Romney Campaign Hands Conservative Blogs the Ad They Wanted

Mitt Romney is slowly getting more in touch with what's happening on the conservative Internet, releasing a new ad Thursday based on something that blew up on the blogs a week ago: President Obama saying "If you’ve got a business -- you didn’t build that." The ad shows an incredulous businessman asking, "My hands didn't build this company?" Romney's campaign sent a fundraising email to supporters based on Obama's line Thursday, too. But why did it take so long?
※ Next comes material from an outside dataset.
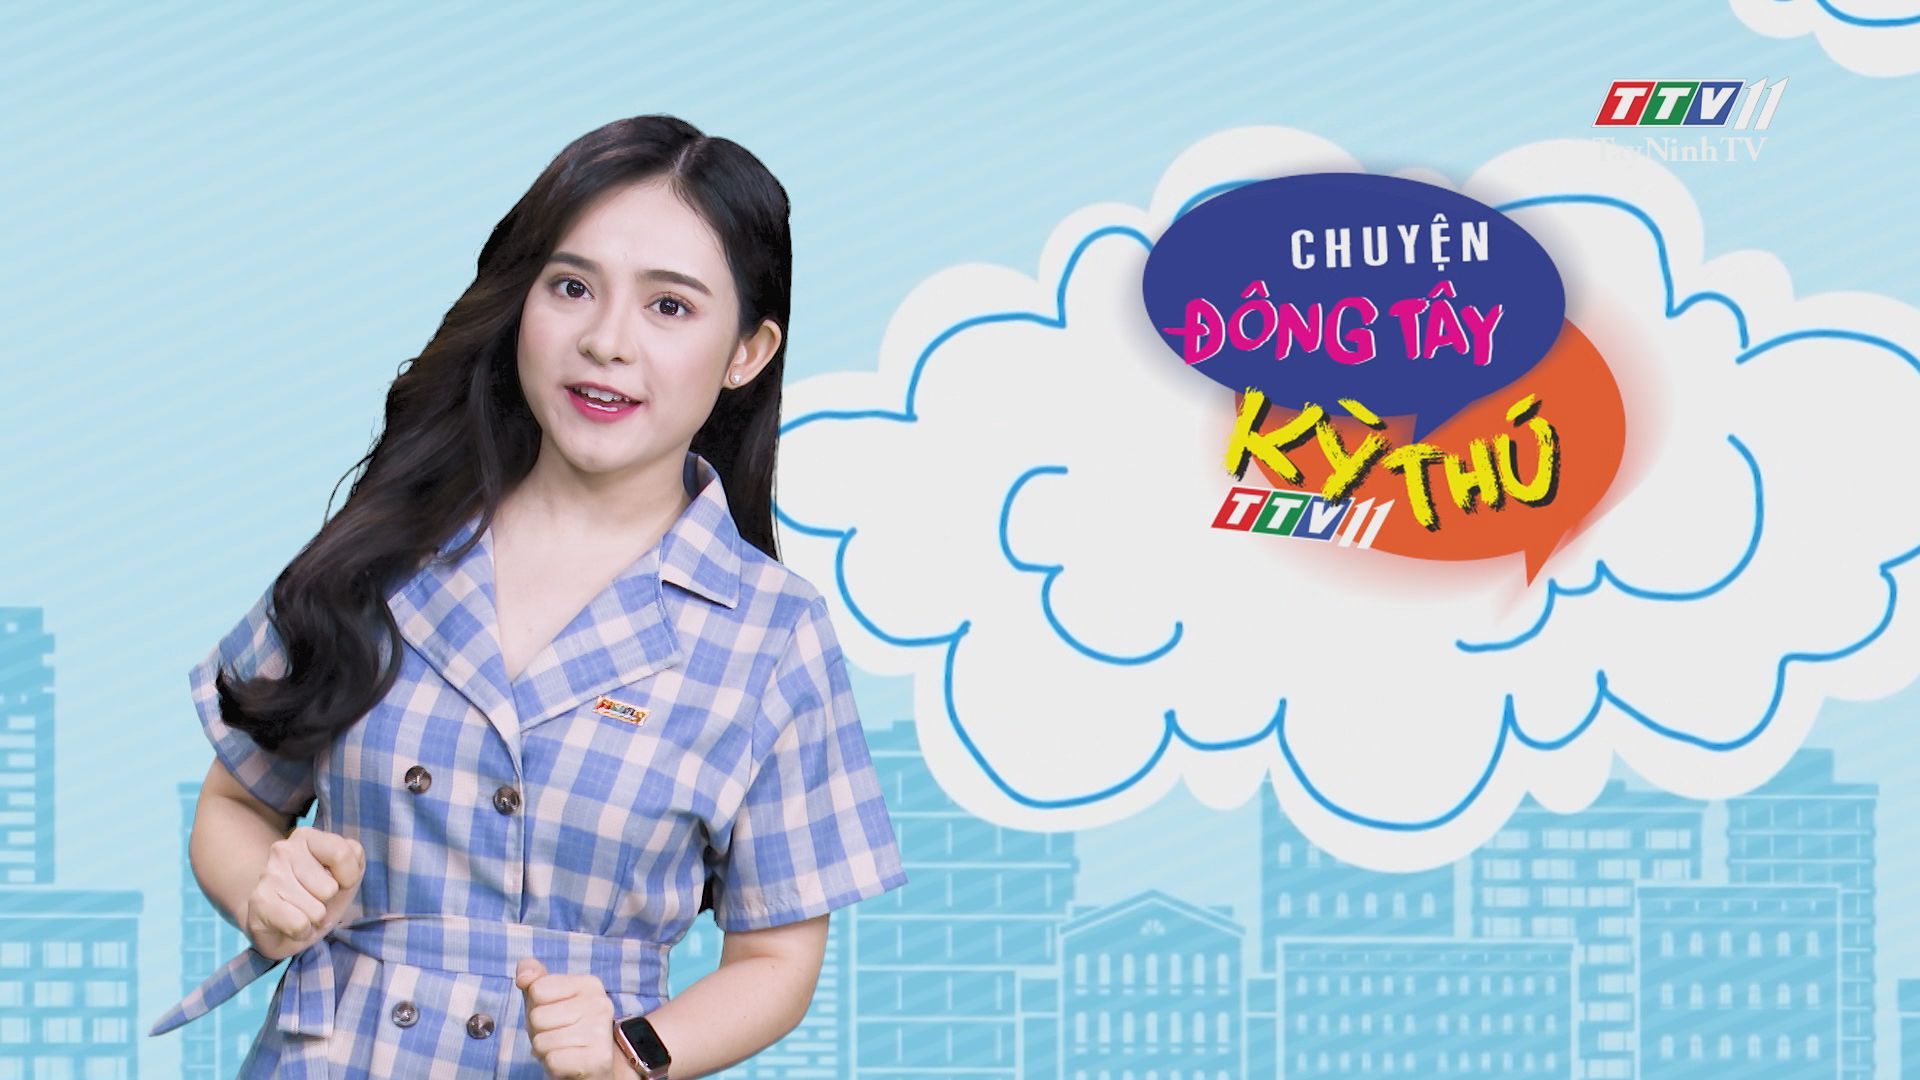 Chuyện Đông Tây Kỳ Thú 14-7-2020 | TayNinhTV

For days, while Romney's supporters were talking about it online, Romney was defending his Bain record and attacking Obama as a "crony capitalist." As we saw earlier this week, the Romney campaign is starting to talk more like conservative blogs, like when surrogate John Sununu calling Obama a pot-smoking foreign-traveling lefty who needs to "learn how to be American." The campaign has figured out something that if you see something trending on Twitter, it means people like it.

RELATED: America's Least Wanted Presidential Endorsements

RELATED: Americans See Obama as Way to Their Left

Speaking in Roanoke, Virginia on July 13, Obama said, off script and sans teleprompter, "If you were successful, somebody along the line gave you some help. There was a great teacher somewhere in your life. Somebody helped to create this unbelievable American system that we have that allowed you to thrive. Somebody invested in roads and bridges. If you've got a business -- you didn’t build that." In context, the sentiment, The Weekly Standard's John McCormack wrote Wednesday, shows Obama "views businesses as parasites on society." But that last sentence, all on its own? That sounds comically Marxist! Conservatives pounced on it with glee. (Example: "The Wright Brothers didn't invent the first successful airplane...#BarackObamaDidItForThem.") 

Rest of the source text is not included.